This R markdown file, *Mitotic_spindle_modelling.Rmd*, carries out the statistical analysis presented in the paper "Microtubule organization within mitotic spindles revealed by serial block face scanning EM and image analysis" currently available at [biorxiv.org](http://biorxiv.org/content/early/2016/11/15/087866).

A copy of this R markdown file may be downloaded from [GitHub](https://github.com/quantixed/VolumeFinder).

The aim of this markdown file is to provide a single interactive container for both the R code and descriptions on how the code may be applied to data sets by an individual with virtually no knowledge of R programming.
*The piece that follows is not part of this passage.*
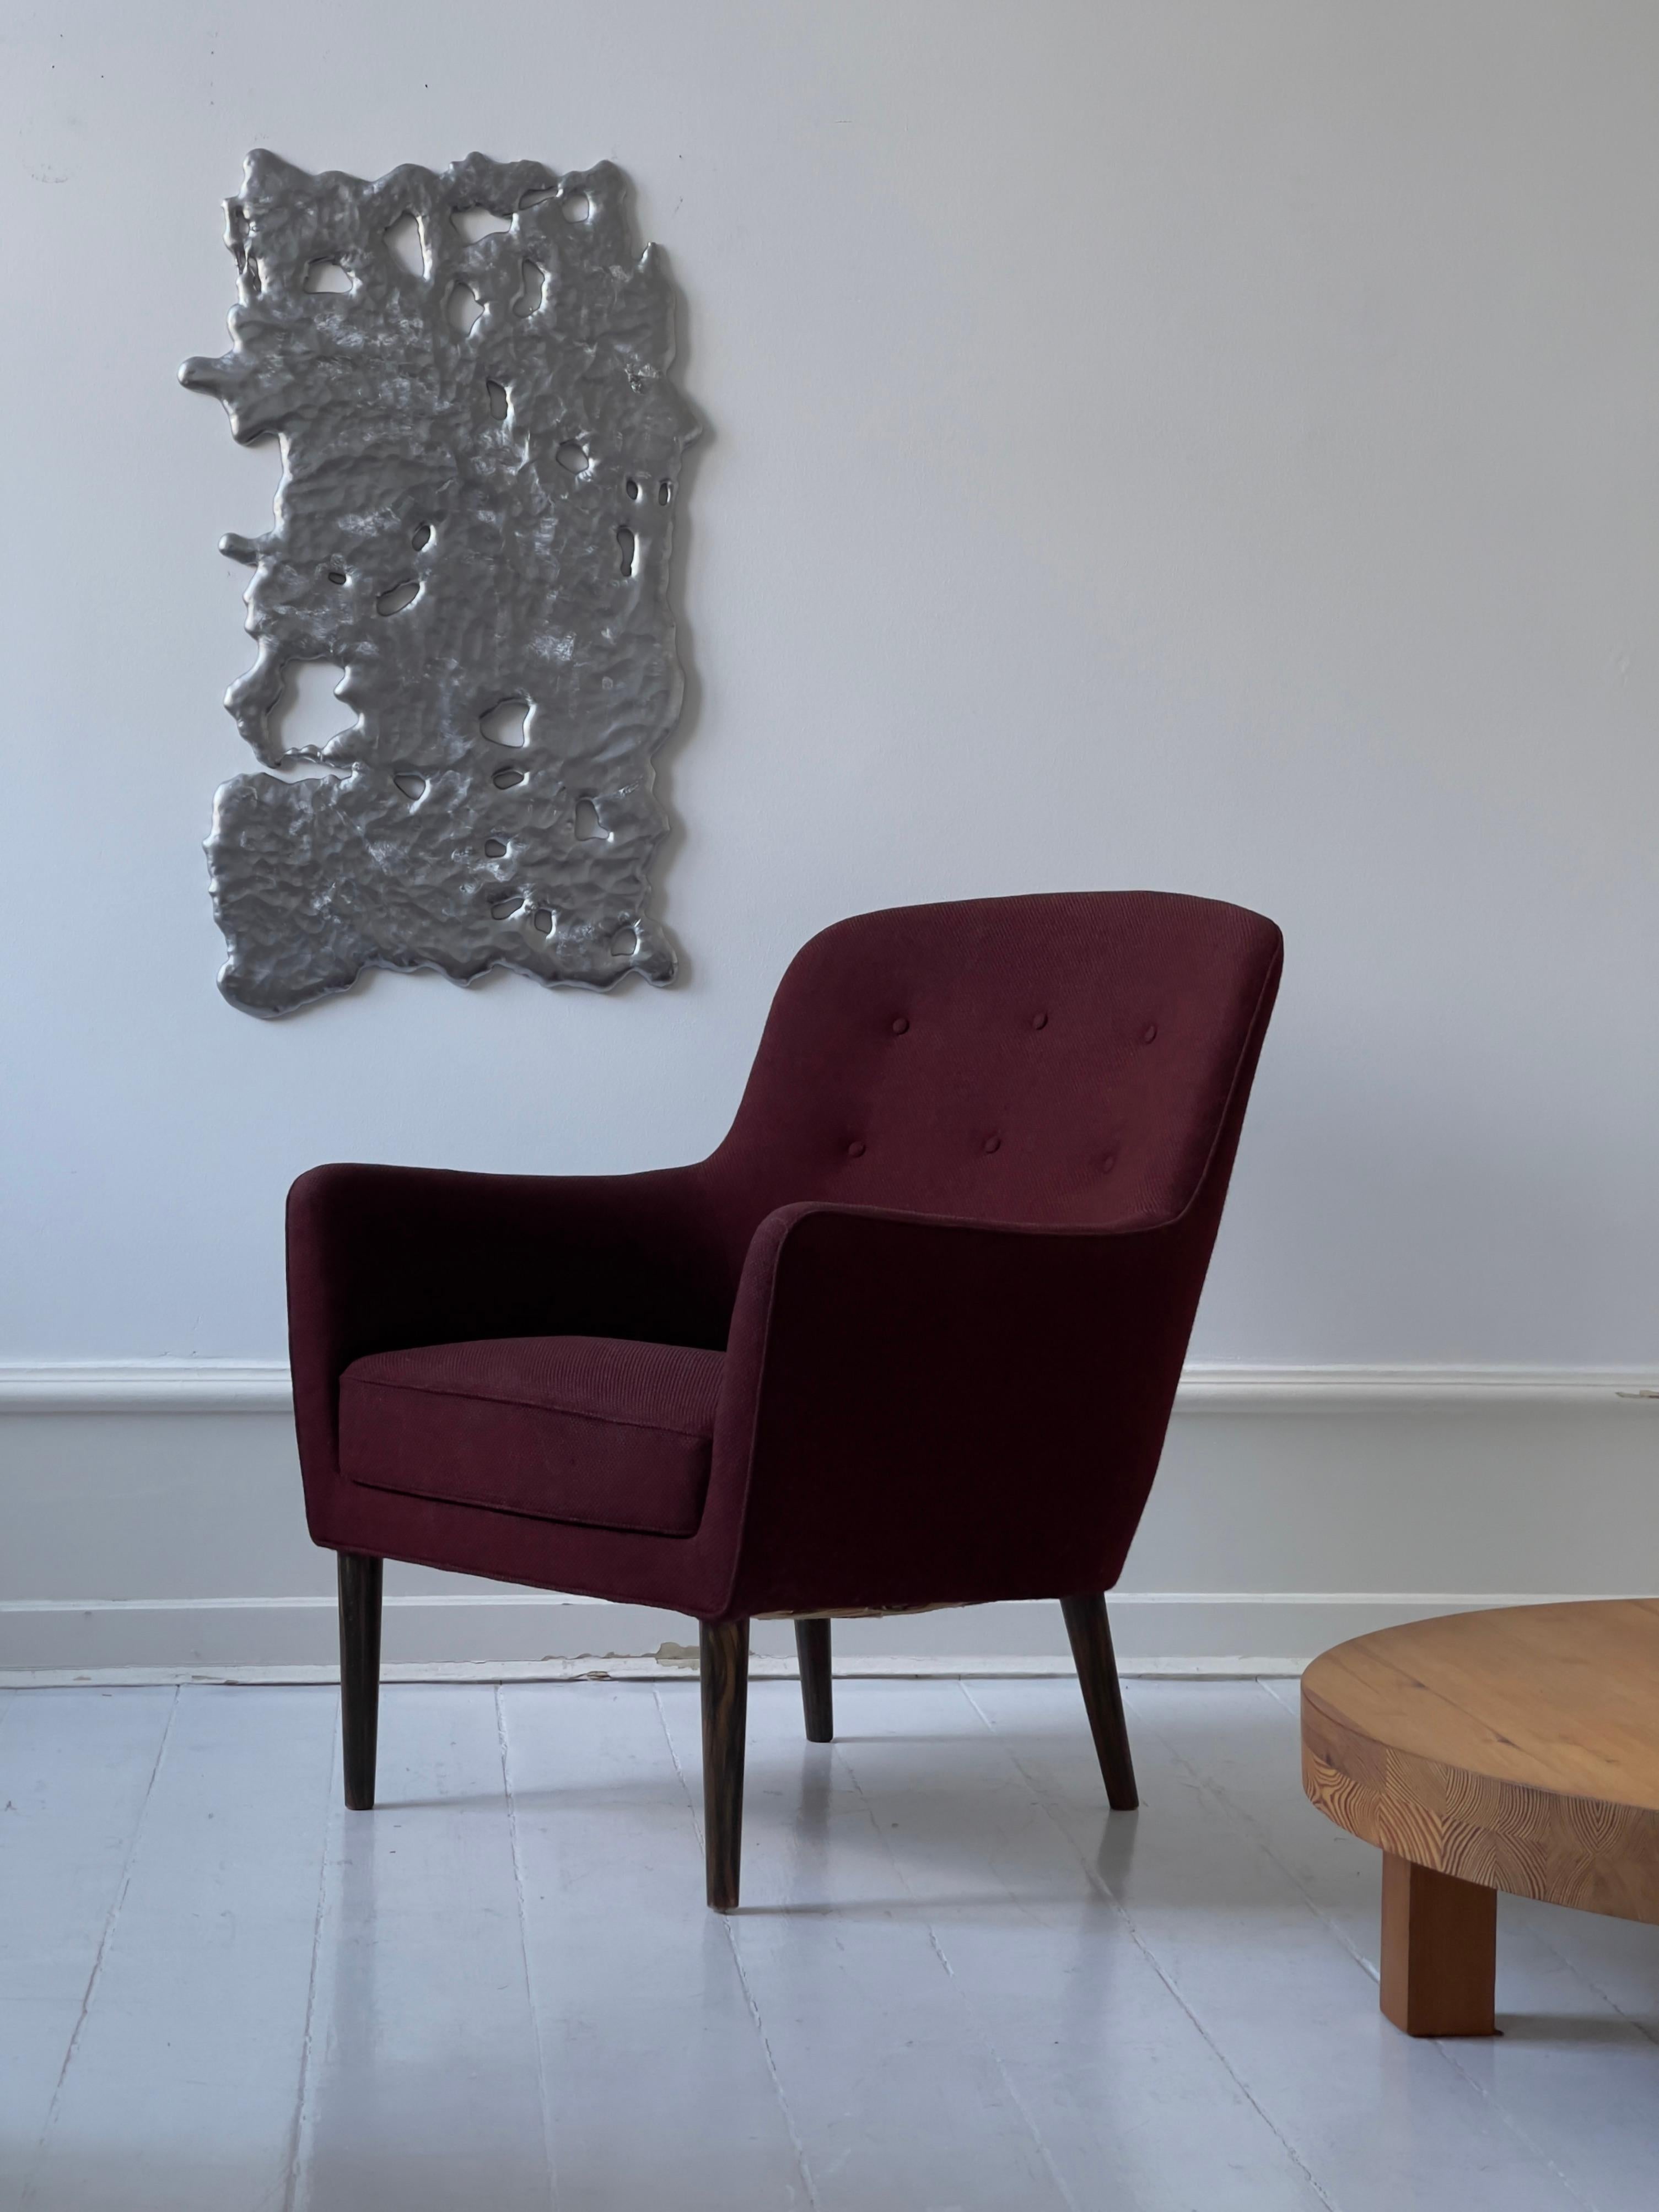  Fauteuil danois des années 1950 rouge et  en laine noire, avec six boutons dans le dos. Pieds en bois effilés. Ce fauteuil a été conçu et fabriqué au Danemark vers 1952 par le maître ébéniste danois Jacob Kjaer. La chaise a été entièrement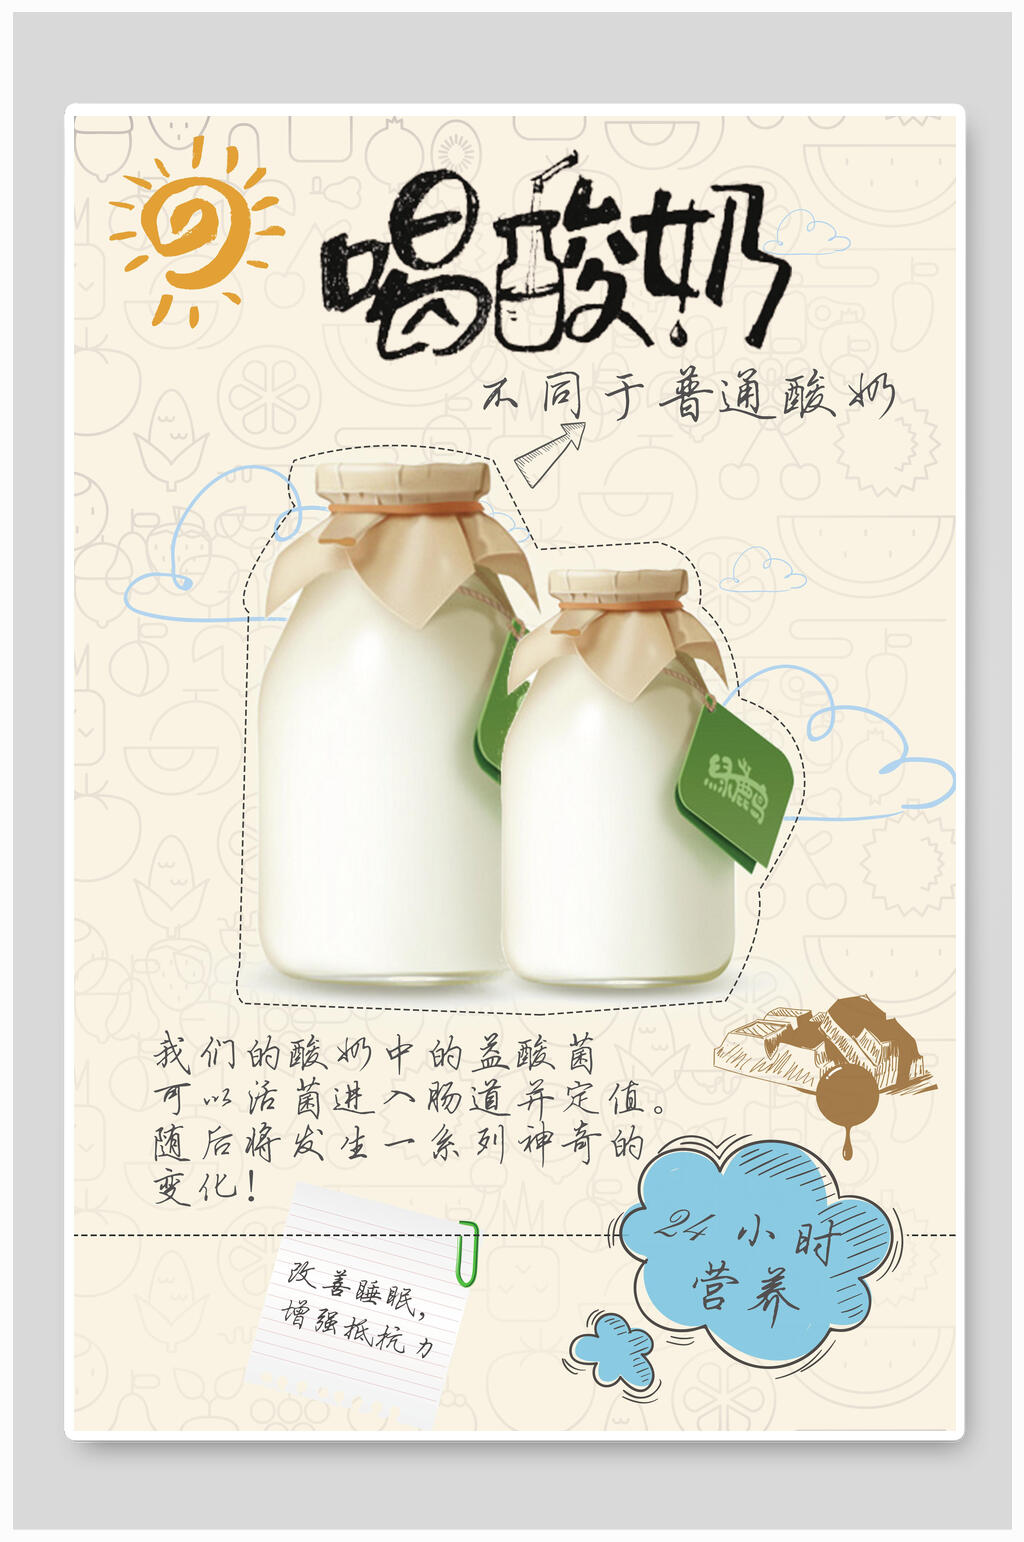 关于制作酸奶的手抄报图片

Experienced R users can access the code chunks within this file for alteration or extension.

We recommend opening the document in RStudio, which has built in functionality for R markdown documents. Code may alternatively be copied and pasted into R.

# Step-by-step guide

## Creating the file structure

To ensure that the code is as straightforward as possible to run, we ask users to create a file system into which data is copied.

Users should create a single folder to contain all of the results of the analysis. We will reference this folder throughout this document as *.../Project_folder*, although users are free to name it as they wish.

This R markdown script, *Mitotic_spindle_modelling.Rmd*, should be copied into the folder resulting in *.../Project_folder/Mitotic_spindle_modelling.Rmd*.

The default behaviour of RStudio is to reference files from the location of the R markdown file, so file paths can be reference relative to it. Provided *Mitotic_spindle_modelling.Rmd* is located with *.../Project_folder* any file location can be specified relative to *.../Project_folder*.

The following code creates the subfolders *.../Project_folder/Data*, *.../Project_folder/Data/Originals*, *.../Project_folder/Data/Plots* and *.../Project_folder/Data/R_data* to contain later results.

Run the following code chunk by clicking the green play symbol on its right-hand side.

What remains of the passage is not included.